Fatal: unable to load index de30f323: load <index/de30f3231c>: invalid data returned
In order to detect these things before they become a problem, it’s a good idea
to regularly use the check
command to test whether your repository is healthy
and consistent, and that your precious backup data is unharmed. There are two
types of checks that can be performed:
- Structural consistency and integrity, e.g. snapshots, trees and pack files (default)
- Integrity of the actual data that you backed up (enabled with flags, see below)

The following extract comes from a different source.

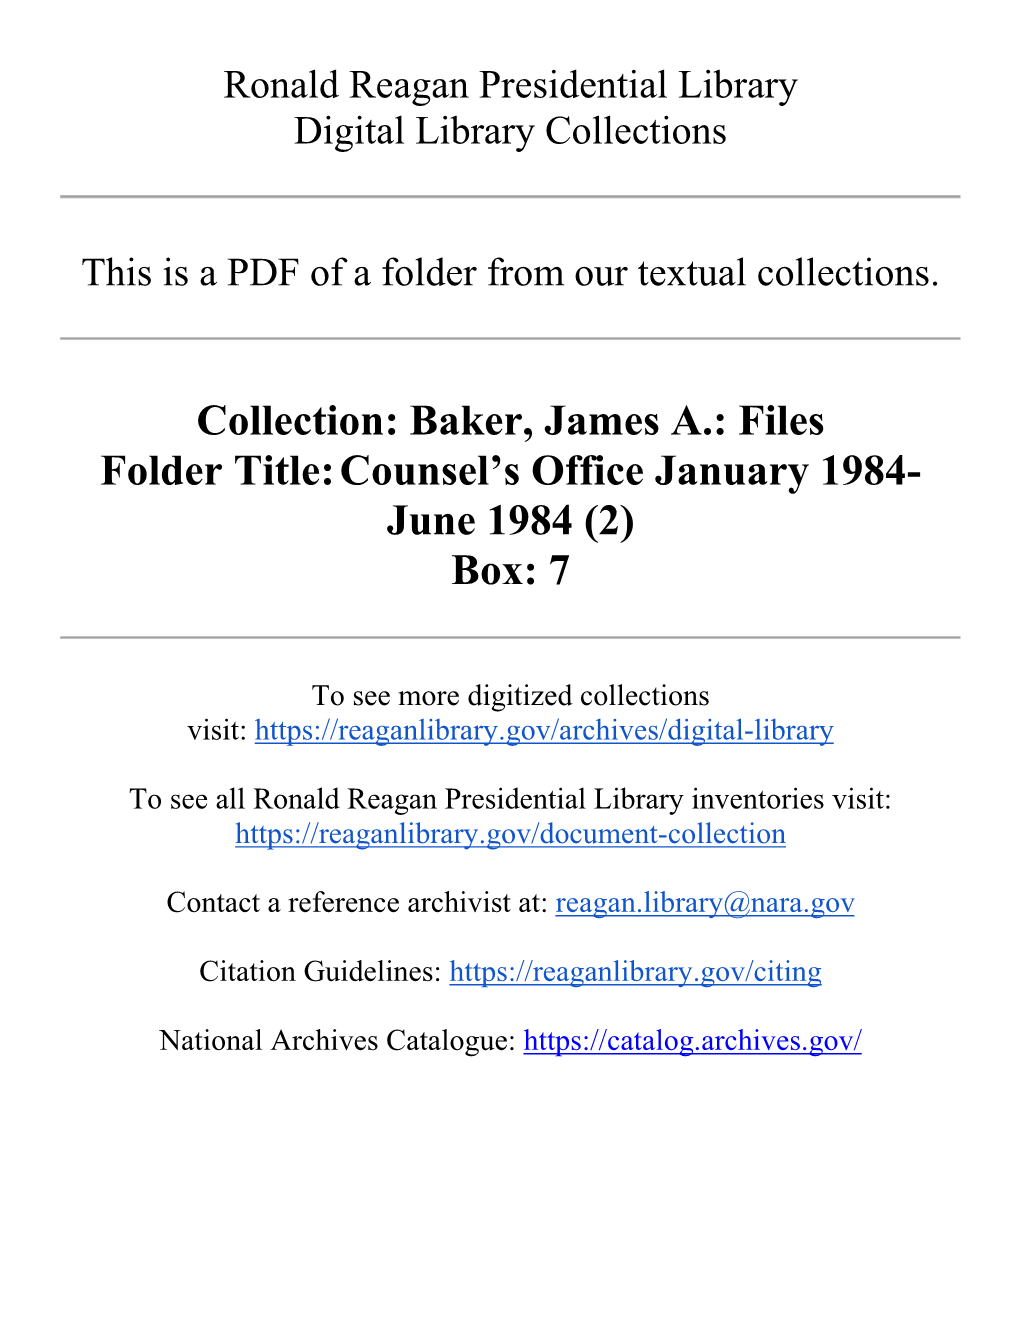 Baker, James A.: Files Folder Title:Counsel's Office January 1984
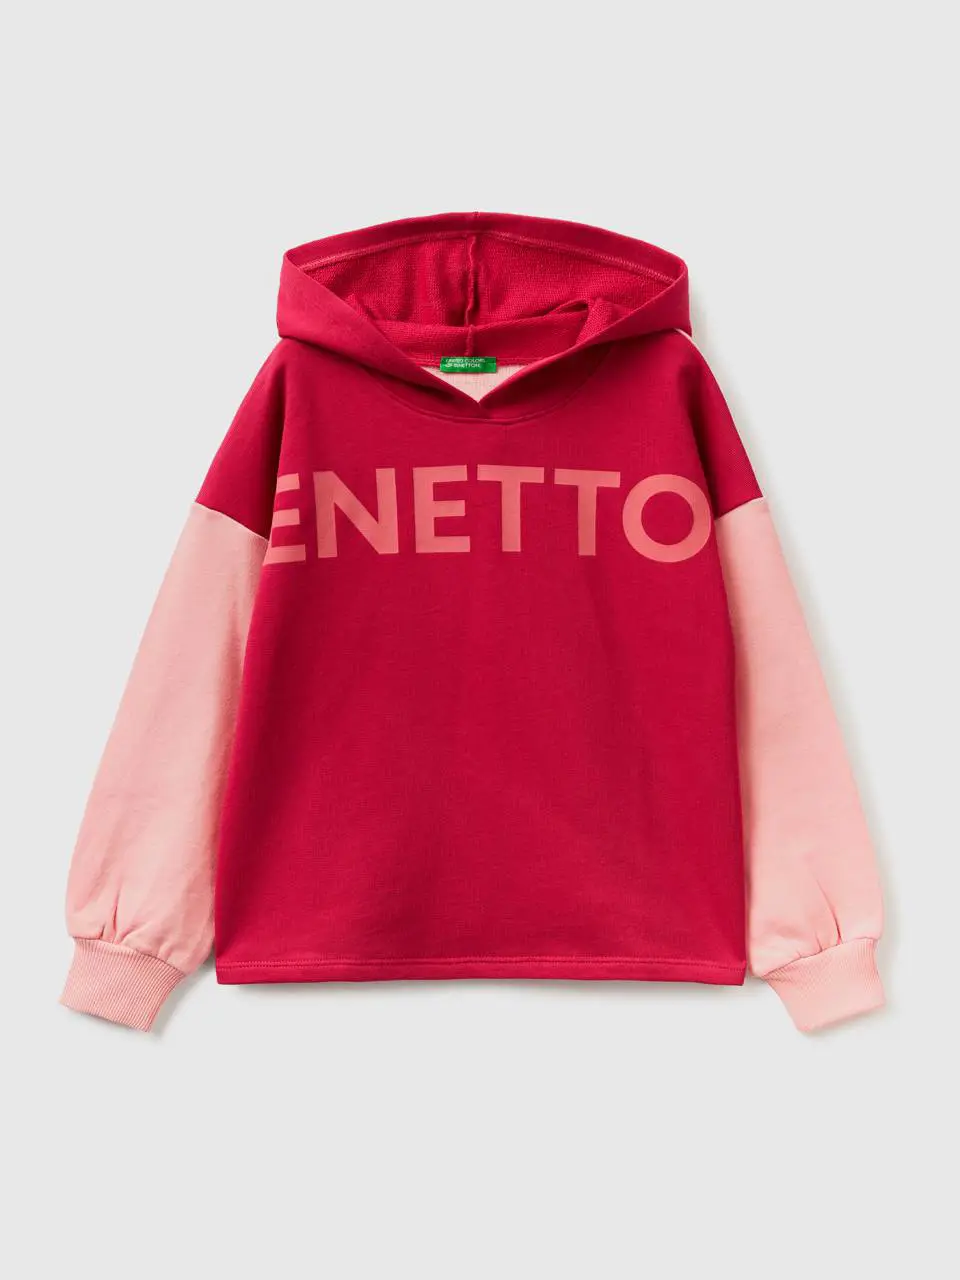 Benetton oversized fit hoodie. 1

To verify the structure of the repository, issue the check
command. If the
repository is damaged like in the example above, check
will detect this and
yield the same error as when you tried to restore:
$ rustic check
...
load indexes
error: error loading index de30f323: load <index/de30f3231c>: invalid data returned
Fatal: LoadIndex returned errors
If the repository structure is intact, rustic will show that no errors were found:
$ rustic check
...
load indexes
check all packs
check snapshots, trees and blobs
no errors were found
By default, the check
command does not verify that the actual pack files on
disk in the repository are unmodified, because doing so requires reading a copy
of every pack file in the repository. To tell rustic to also verify the
integrity of the pack files in the repository, use the --read-data
flag:
$ rustic check --read-data
...
load indexes
check all packs
check snapshots, trees and blobs
read all data
[0:00] 100.00% 3 / 3 items
duration: 0:00
no errors were found
Note: Since --read-data
has to download all pack files in the repository,
beware that it might incur higher bandwidth costs than usual and also that it
takes more time than the default check
.
Alternatively, use the --read-data-subset
parameter to check only a subset of
the repository pack files at a time. It supports three ways to select a subset.
One selects a specific part of pack files, the second and third selects a random
subset of the pack files by the given percentage or size.
Use --read-data-subset=n/t
to check a specific part of the repository pack
files at a time. The parameter takes two values, n
and t
. When the check
command runs, all pack files in the repository are logically divided in t
(roughly equal) groups, and only files that belong to group number n
are
checked. For example, the following commands check all repository pack files
over 5 separate invocations:
rustic check --read-data-subset=1/5
rustic check --read-data-subset=2/5
rustic check --read-data-subset=3/5
rustic check --read-data-subset=4/5
rustic check --read-data-subset=5/5
Use --read-data-subset=x%
to check a randomly chosen subset of the repository
pack files. It takes one parameter, x
, the percentage of pack files to check
as an integer or floating point number. This will not guarantee to cover all
available pack files after sufficient runs, but it is easy to automate checking
a small subset of data after each backup. For a floating point value the
following command may be used:
rustic check --read-data-subset=2.5%
When checking bigger subsets you most likely want to specify the percentage as an integer:
rustic check --read-data-subset=10%
Use --read-data-subset=nS
to check a randomly chosen subset of the repository
pack files. It takes one parameter, nS
, where ‘n’ is a whole number
representing file size and ‘S’ is the unit of file size (K/M/G/T) of pack files
to check. Behind the scenes, the specified size will be converted to percentage
of the total repository size. The behaviour of the check command following this
conversion will be the same as the percentage option above. For a file size
value the following command may be used:
rustic check --read-data-subset=50M
rustic check --read-data-subset=10G